> Information provided

§

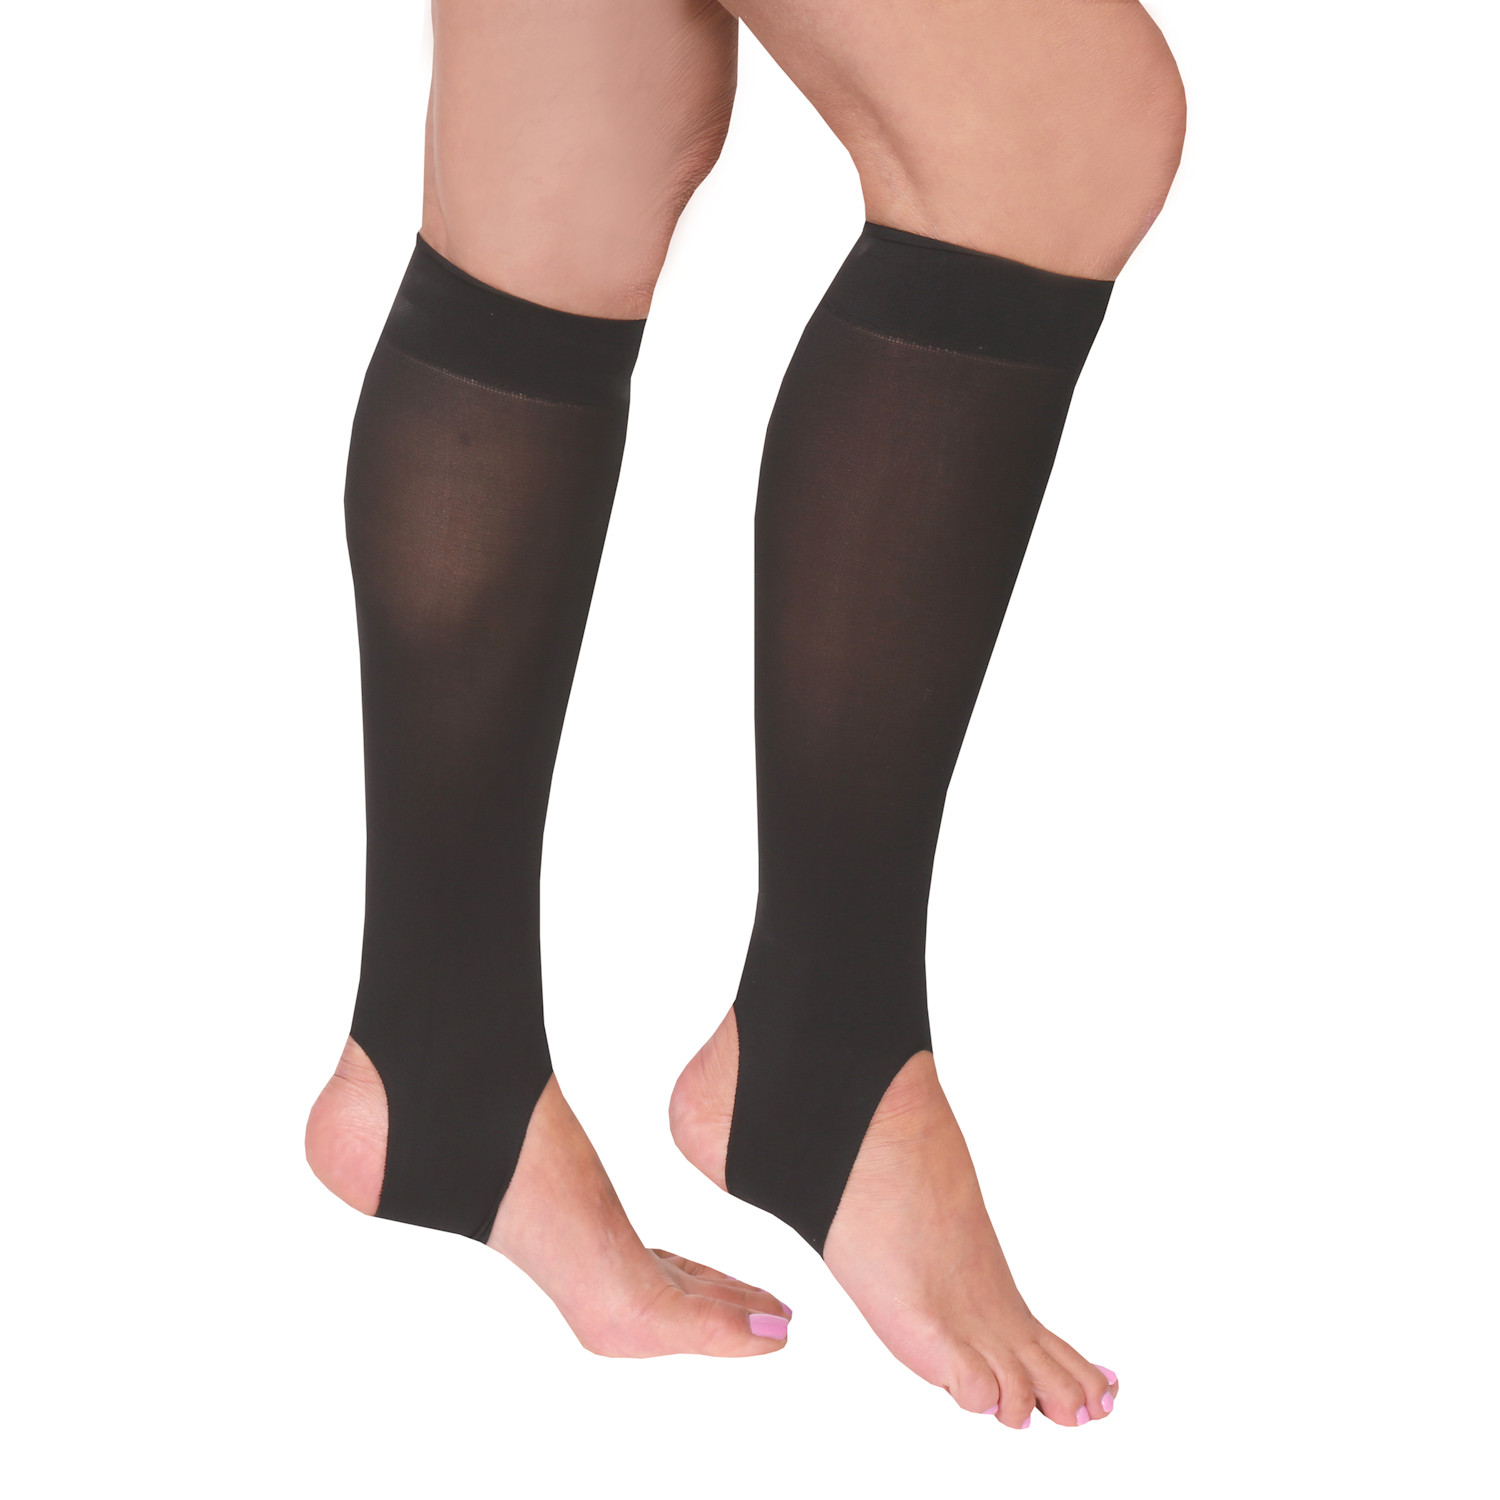 Support Plus® Women's Light Compression Stirrup Knee-Highs | Support Plus
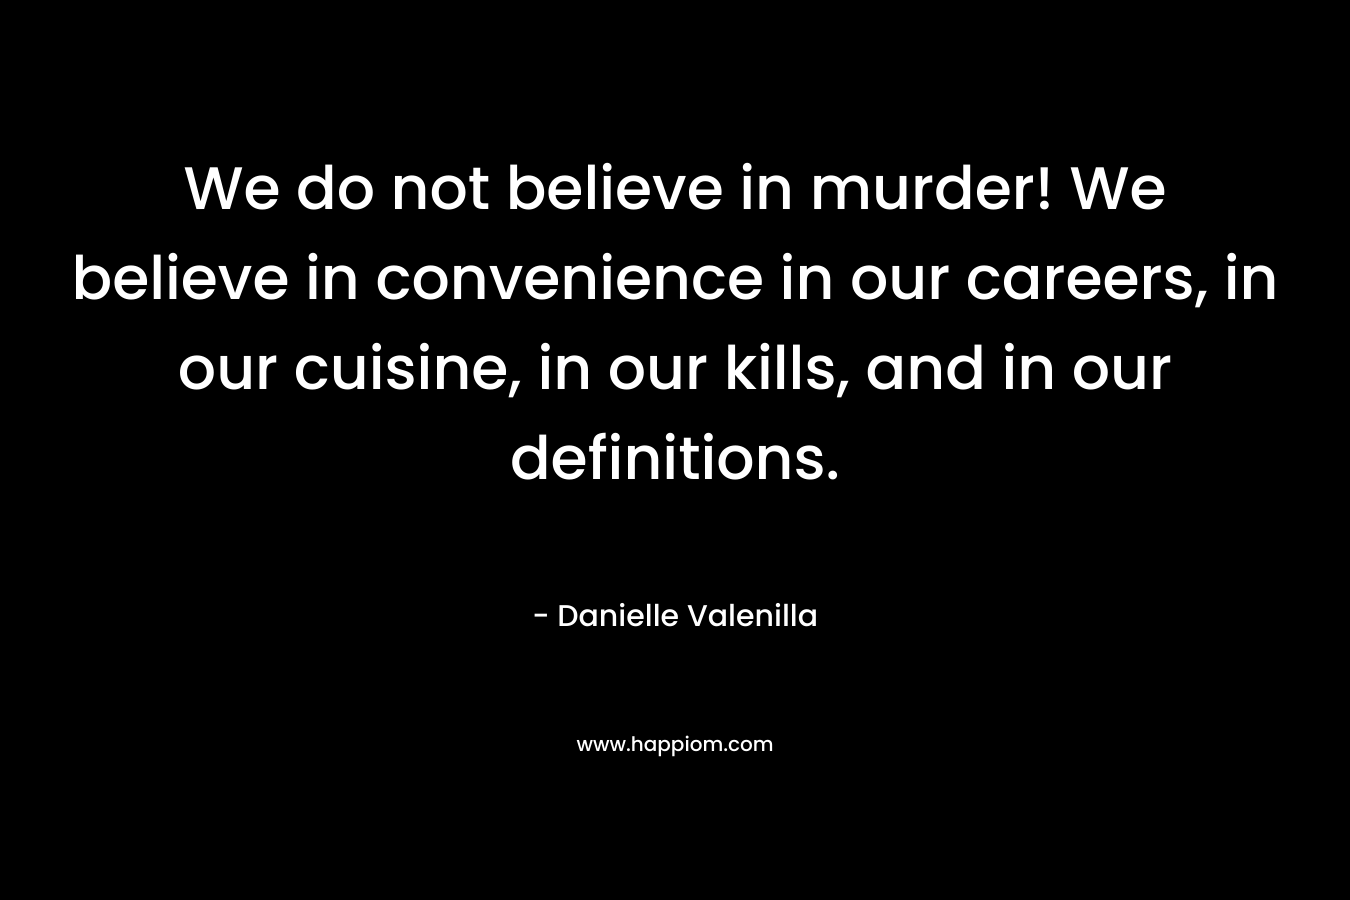 We do not believe in murder! We believe in convenience in our careers, in our cuisine, in our kills, and in our definitions.
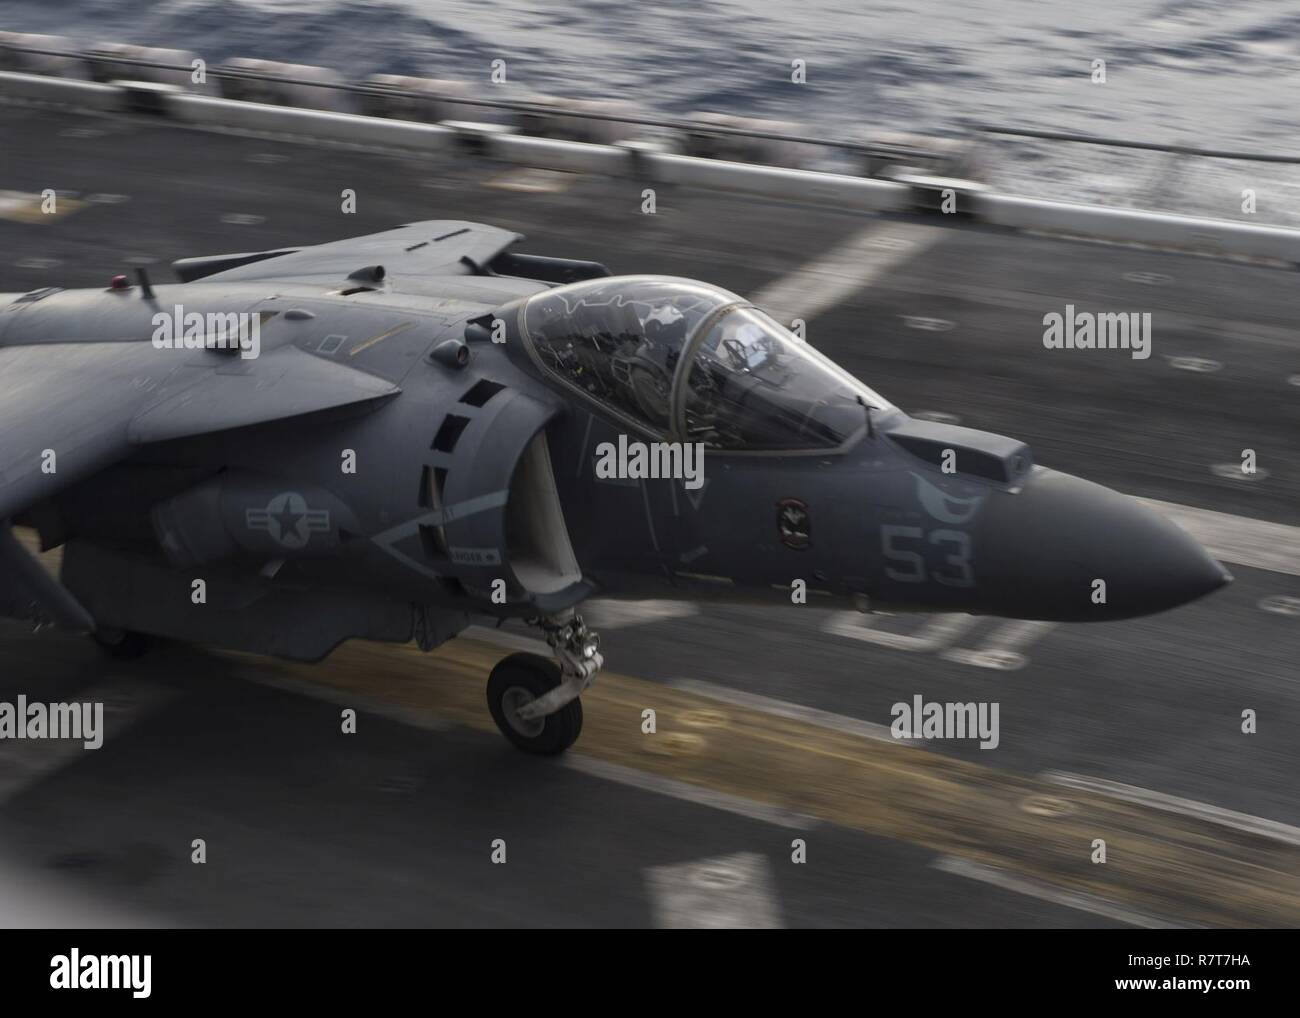 SOUTH CHINA SEA (April 4, 2017) An AV-8B Harrier assigned to the “Ridge Runners” of Marine Medium Tiltrotor Squadron (VMM) 163 launches from the flight deck of the amphibious assault ship USS Makin Island (LHD 8). Makin Island, the flagship for the Makin Island Amphibious Ready Group, with the embarked 11th Marine Expeditionary Unit (11th MEU), is operating in the Indo-Asia-Pacific region to enhance amphibious capability with regional partners and to serve as a ready-response force for any type of contingency. Stock Photo

§

> Work item
The lines to be transcribed are those from the first line of the data above through the line holding "We do not believe", inclusive; copy them exactly and only, leaving out the pictures.

> Result of the task
 Support Plus® Women's Light Compression Stirrup Knee-Highs | Support Plus
 We do not believe in murder! We believe in convenience in our careers, in our cuisine, in our kills, and in our definitions.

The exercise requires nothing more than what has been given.